Without the pictures, write the listing out again exactly as it appears.

● **Source material**
○ ○ ○

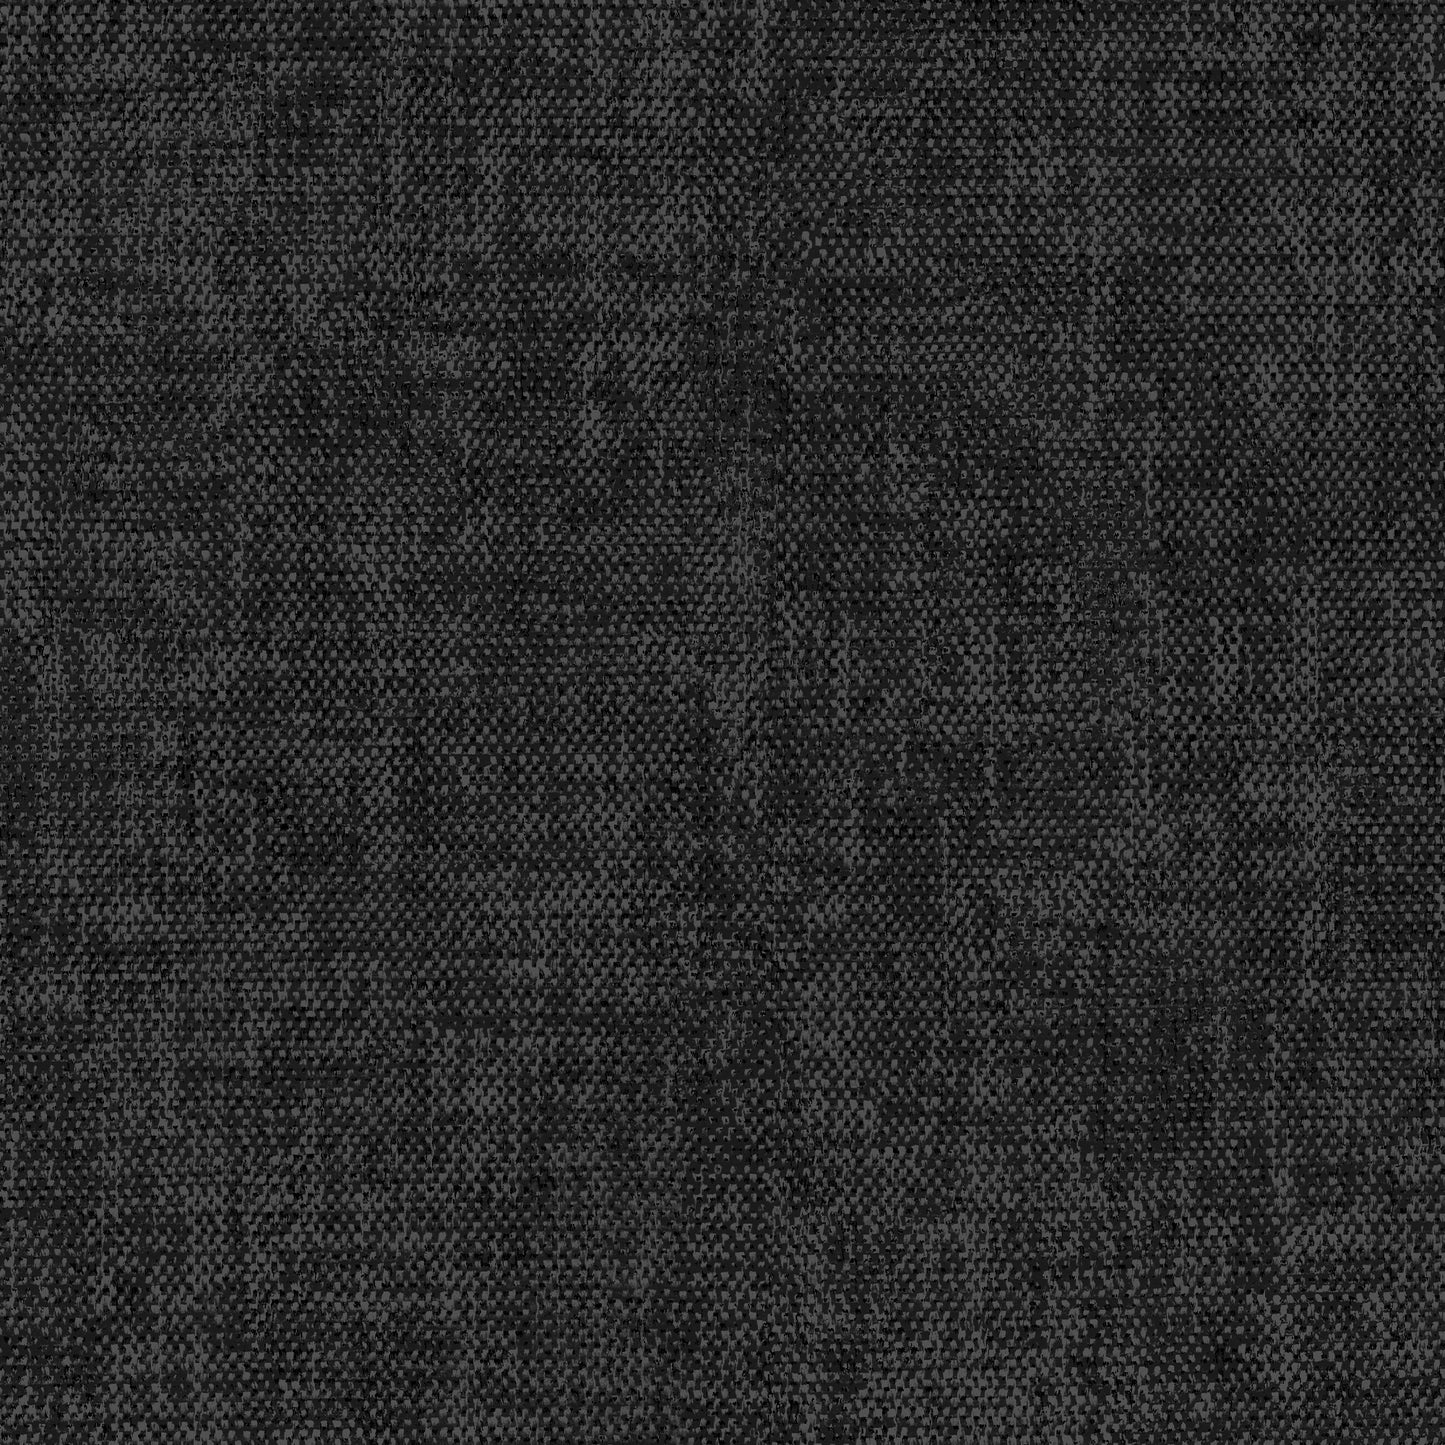 Graham & Brown Zara Charcoal Black Wallpaper (122416)
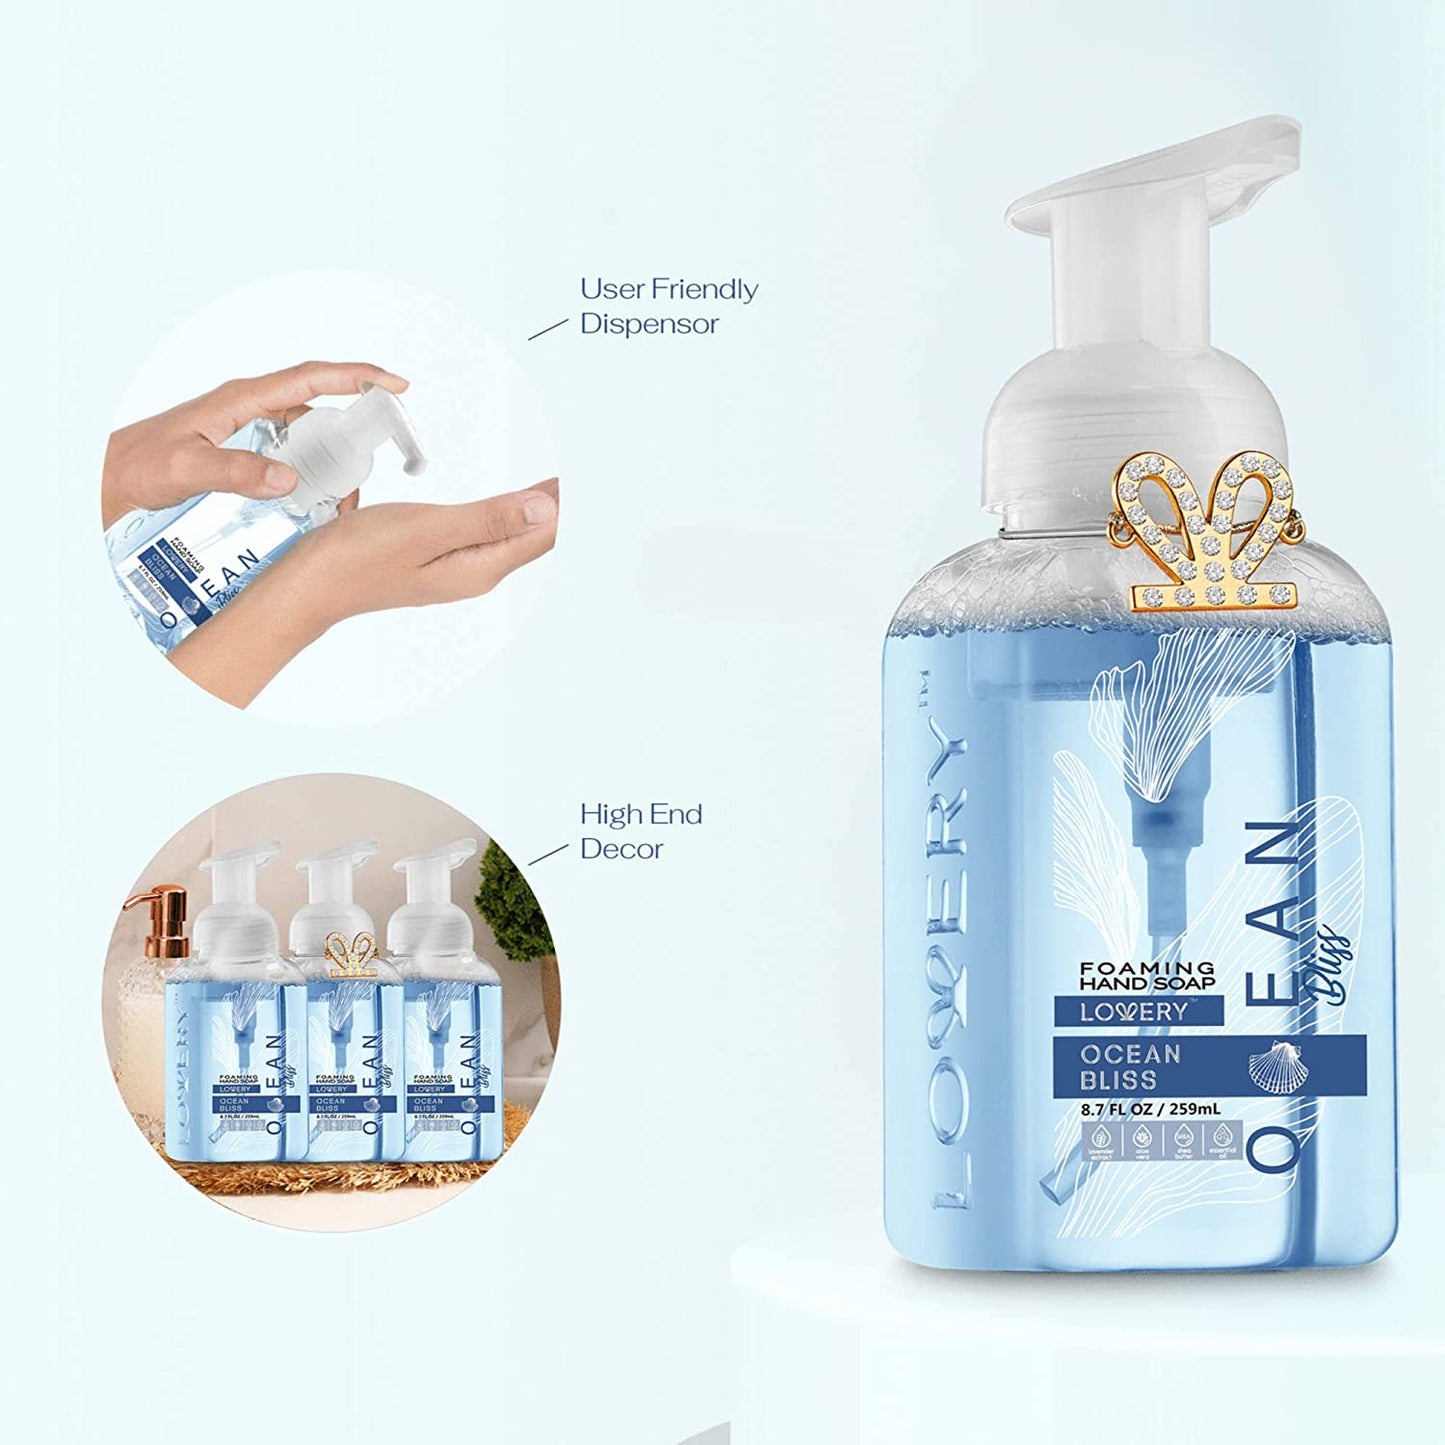 Ocean Bliss Foaming Hand Soap - Pack of 3
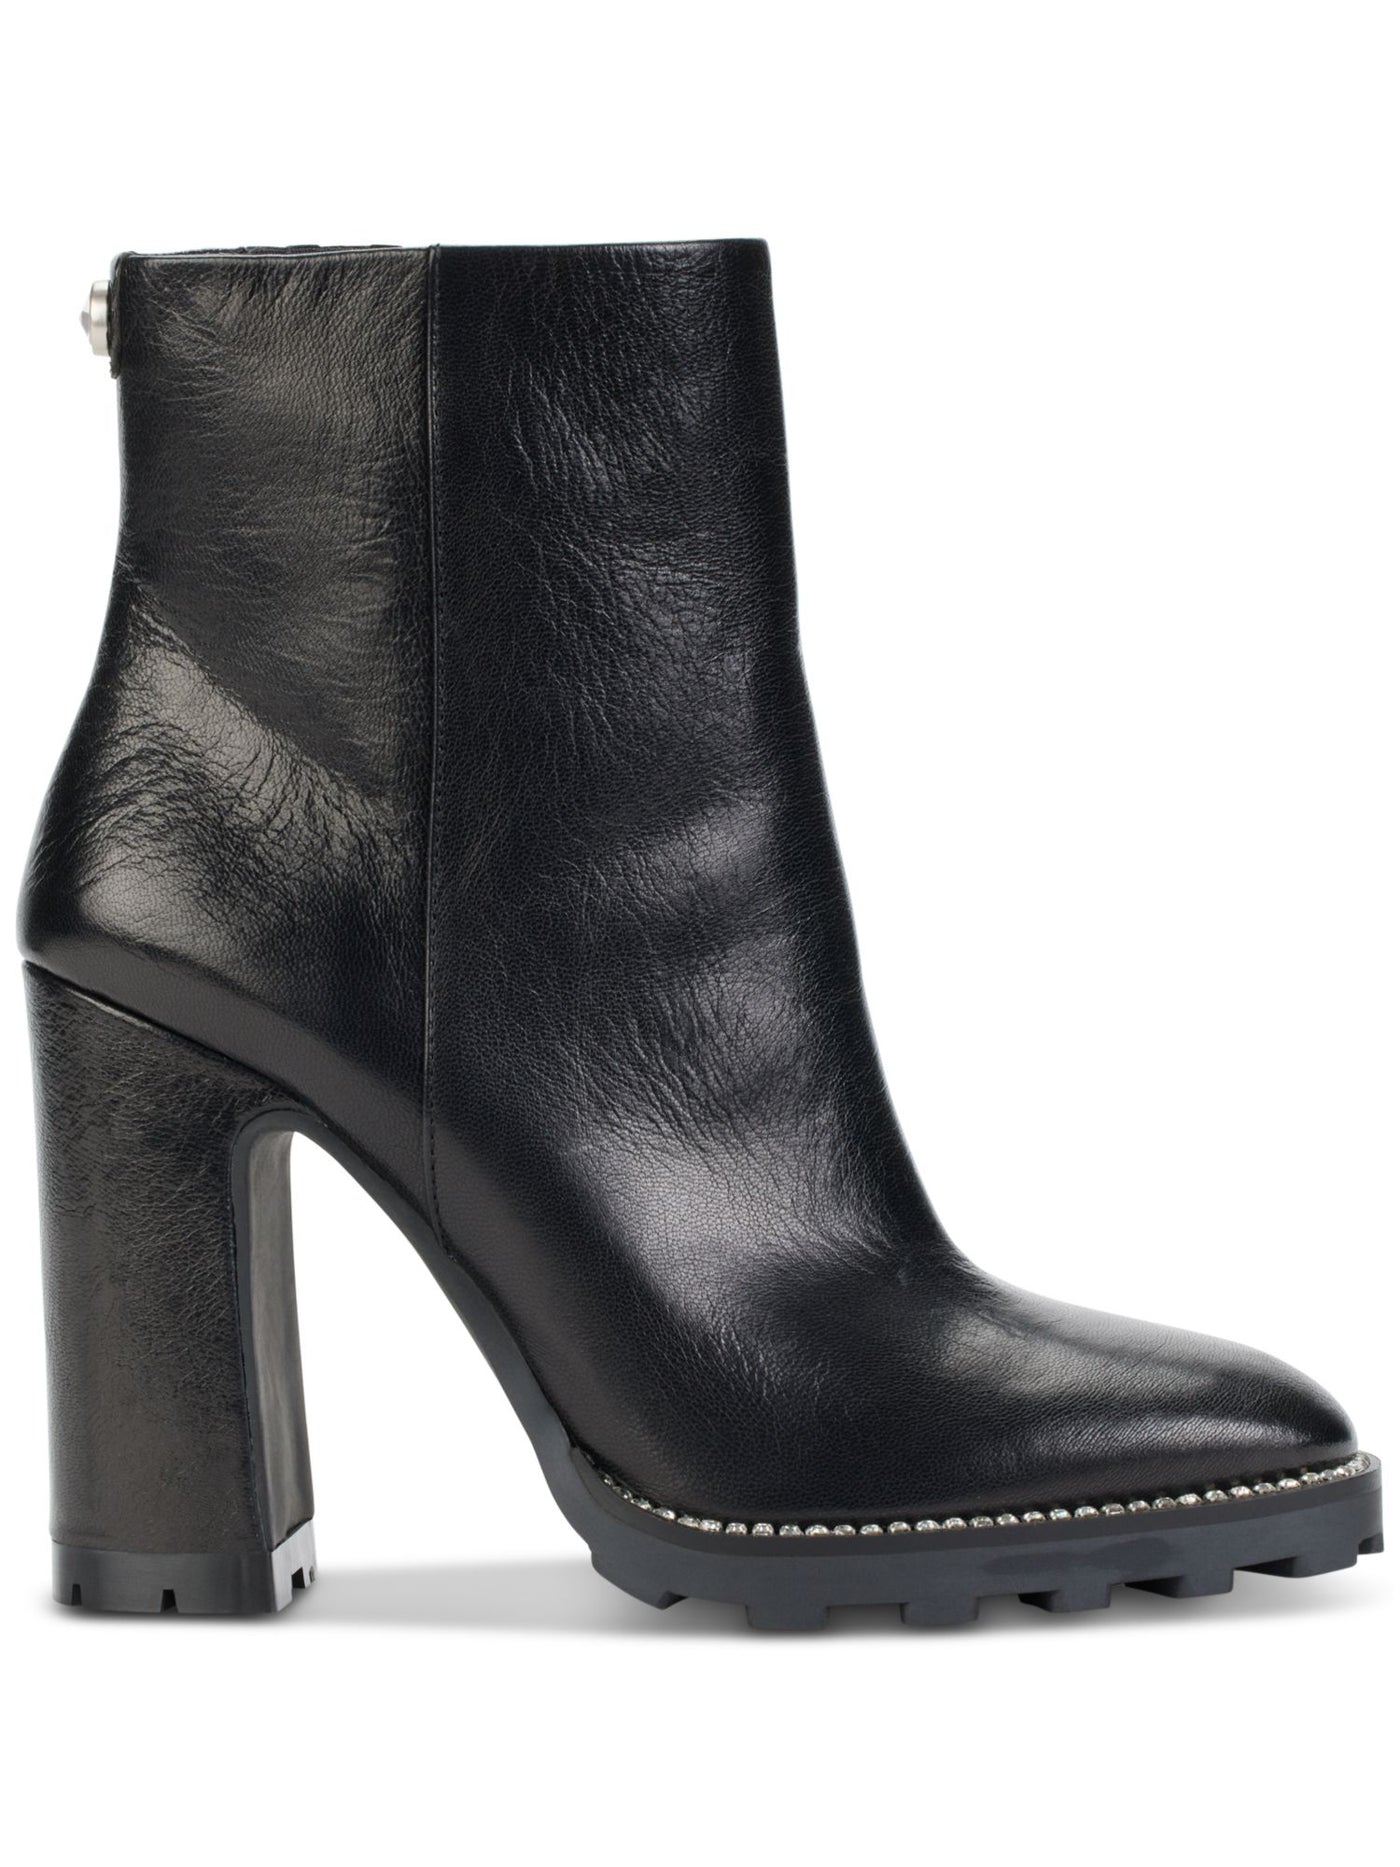 KARL LAGERFELD PARIS Womens Black Comfort Peppy Almond Toe Block Heel Zip-Up Leather Dress Boots 5 M
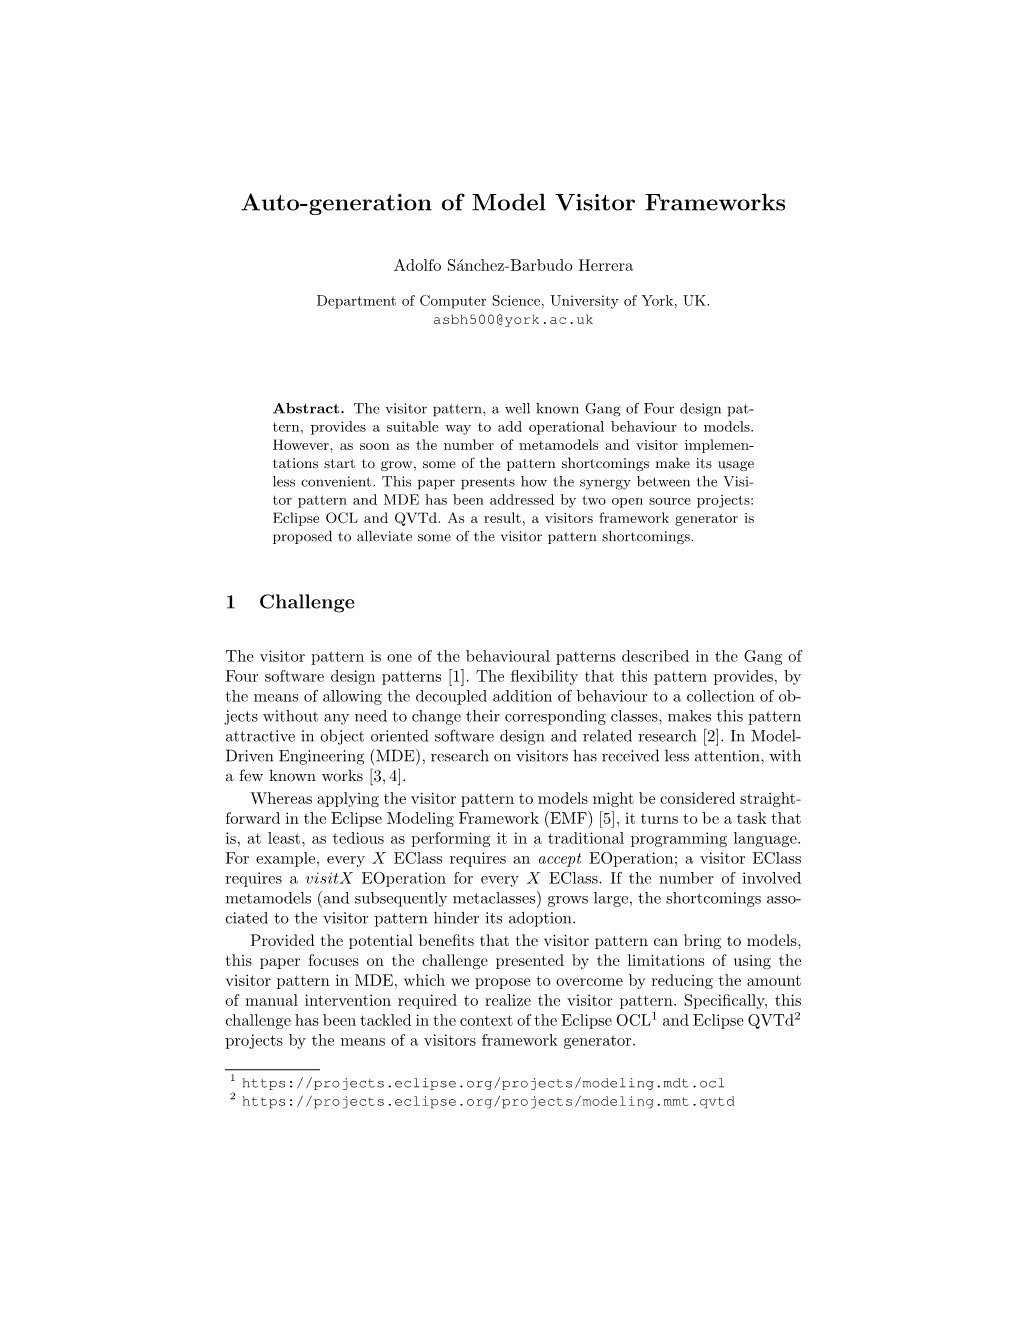 Auto-Generation of Model Visitor Frameworks

○ ○ ○

● **Output of the task**
 Graham & Brown Zara Charcoal Black Wallpaper (122416)
 Ocean Bliss Foaming Hand Soap - Pack of 3
 KARL LAGERFELD PARIS Womens Black Comfort Peppy Almond Toe Block Heel Zip-Up Leather Dress Boots 5 M
 Auto-Generation of Model Visitor Frameworks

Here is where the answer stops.